Additional parameters:

  • --maxiterate 1000: Maximum number of iterative refinement cycles (applied to all combinations)
  • --thread -1: Use all available threads

Screening Levels

MAFFT_ScoreNGo offers three screening levels:

  1. Light: Quick screening with fewer parameter combinations (13 combinations).
  2. Standard: Balanced screening with a moderate number of combinations (337 combinations).
  3. Aggressive: Thorough screening with many parameter combinations (2497 combinations).
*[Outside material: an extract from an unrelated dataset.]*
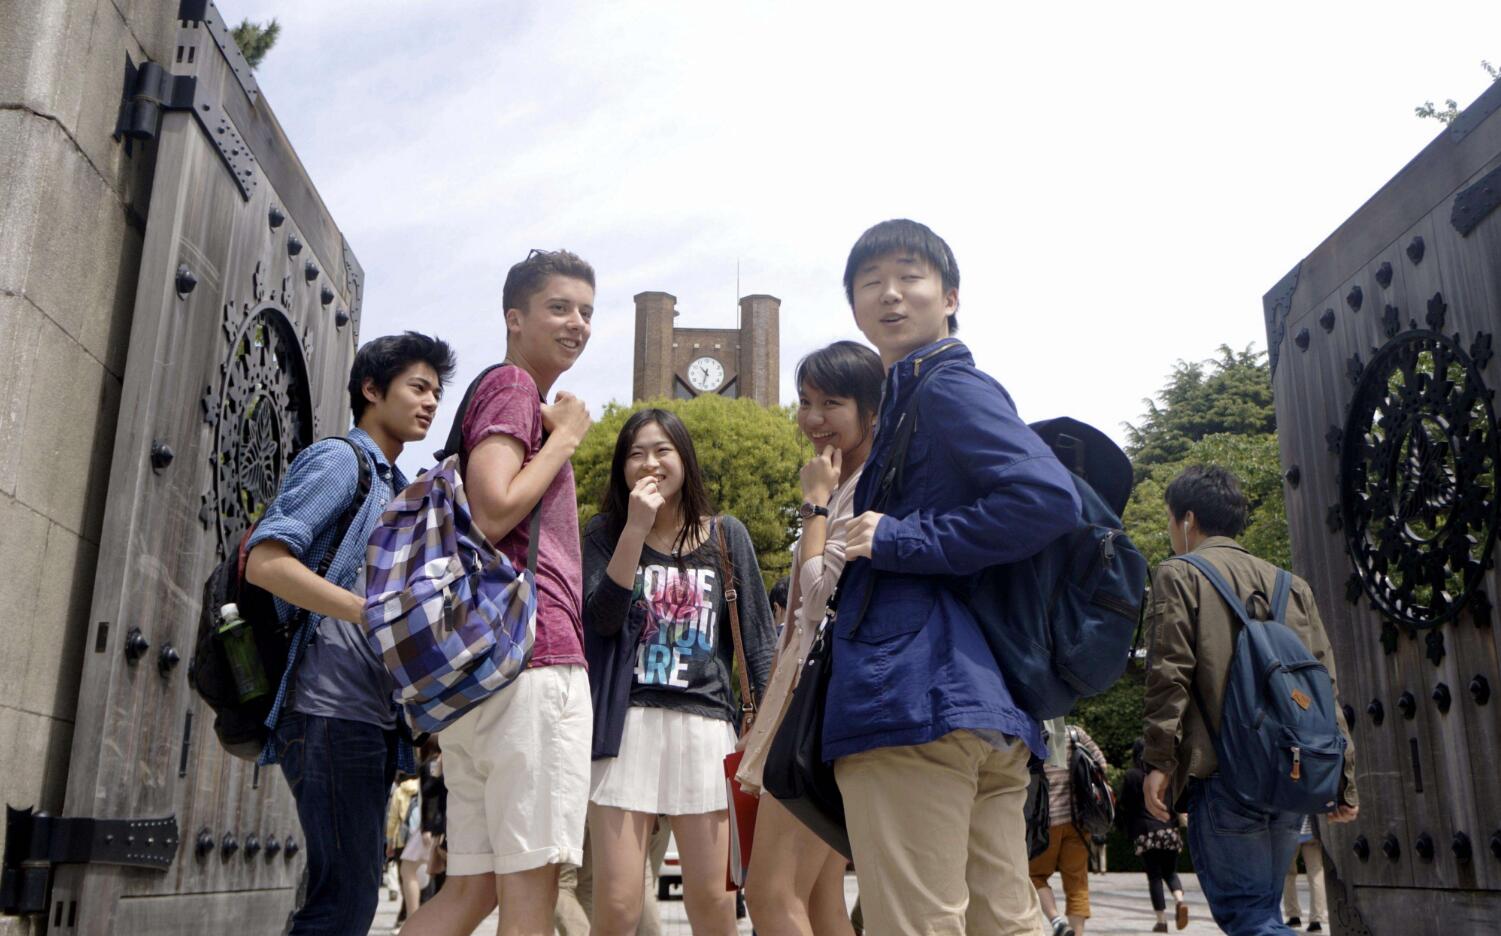 原创美国吸引力下降,大批留学美国的华人回国,其中不乏大量专家

The specific parameters tested depend on the chosen screening level.

Scoring Algorithm

MAFFT_ScoreNGo evaluates each alignment using a custom scoring algorithm that considers the following factors:

  1. Weighted Conservation Score (WCS)
  2. Gap Penalty (GP)
  3. Complexity Score (CX)

1. Weighted Conservation Score (WCS)

The Weighted Conservation Score is calculated as follows:

WCS = (1/N) * Σ(i=1 to N) [WCS'(i) / (L * (L-1))]

Where:

  • WCS is the final Weighted Conservation Score for the entire alignment

  • N is the total number of columns in the alignment

  • L is the number of sequences in the alignment

  • WCS'(i) is the raw Weighted Conservation Score for column i, calculated as:

    WCS'(i) = Σ(a,b) [count(a) * count(b) * BLOSUM62(a,b)]

Where:

  • a and b are amino acids in column i
  • count(x) is the number of occurrences of amino acid x in column i
  • BLOSUM62(a,b) is the substitution score between a and b in the BLOSUM62 matrix

2. Gap Penalty (GP)

The Gap Penalty Score is calculated as follows:

GP = (1/N) * Σ(i=1 to N) [(g_i / L) + 0.5 * I(i)]

Where:

  • GP is the final Gap Penalty Score
  • N is the total number of columns in the alignment
  • g_i is the number of gaps in column i
  • L is the number of sequences in the alignment
  • I(i) is an indicator function that equals 1 if the gap in column i is isolated (no gap in the previous column), and 0 otherwise

3. Complexity Score (CX)

The Complexity Score is calculated as follows:

CX = (1/N) * Σ(i=1 to N) (u_i / L)

Where:

  • CX is the final Complexity Score
  • N is the total number of columns in the alignment
  • u_i is the number of unique amino acids in column i
  • L is the number of sequences in the alignment

Final Score

The Final Score is calculated as follows:

Final Score = WCS - GP + CX

For each set of MAFFT parameters, MAFFT_ScoreNGo runs the alignment and calculates this score. The parameter set that produces the highest Final Score is considered the optimal alignment strategy for the given dataset.

Interpretation of Results

The output includes:

  • Individual alignment files for each parameter combination
  • A summary file (mafft_results_summary.txt) with scores for each combination
  • A list of MAFFT commands used (mafft_commands.txt)
  • Debug logs (debug_logs.txt) for troubleshooting

The combination with the highest final score is recommended as the best alignment strategy for your specific dataset. The top 13 alignments are ranked and presented in the results summary.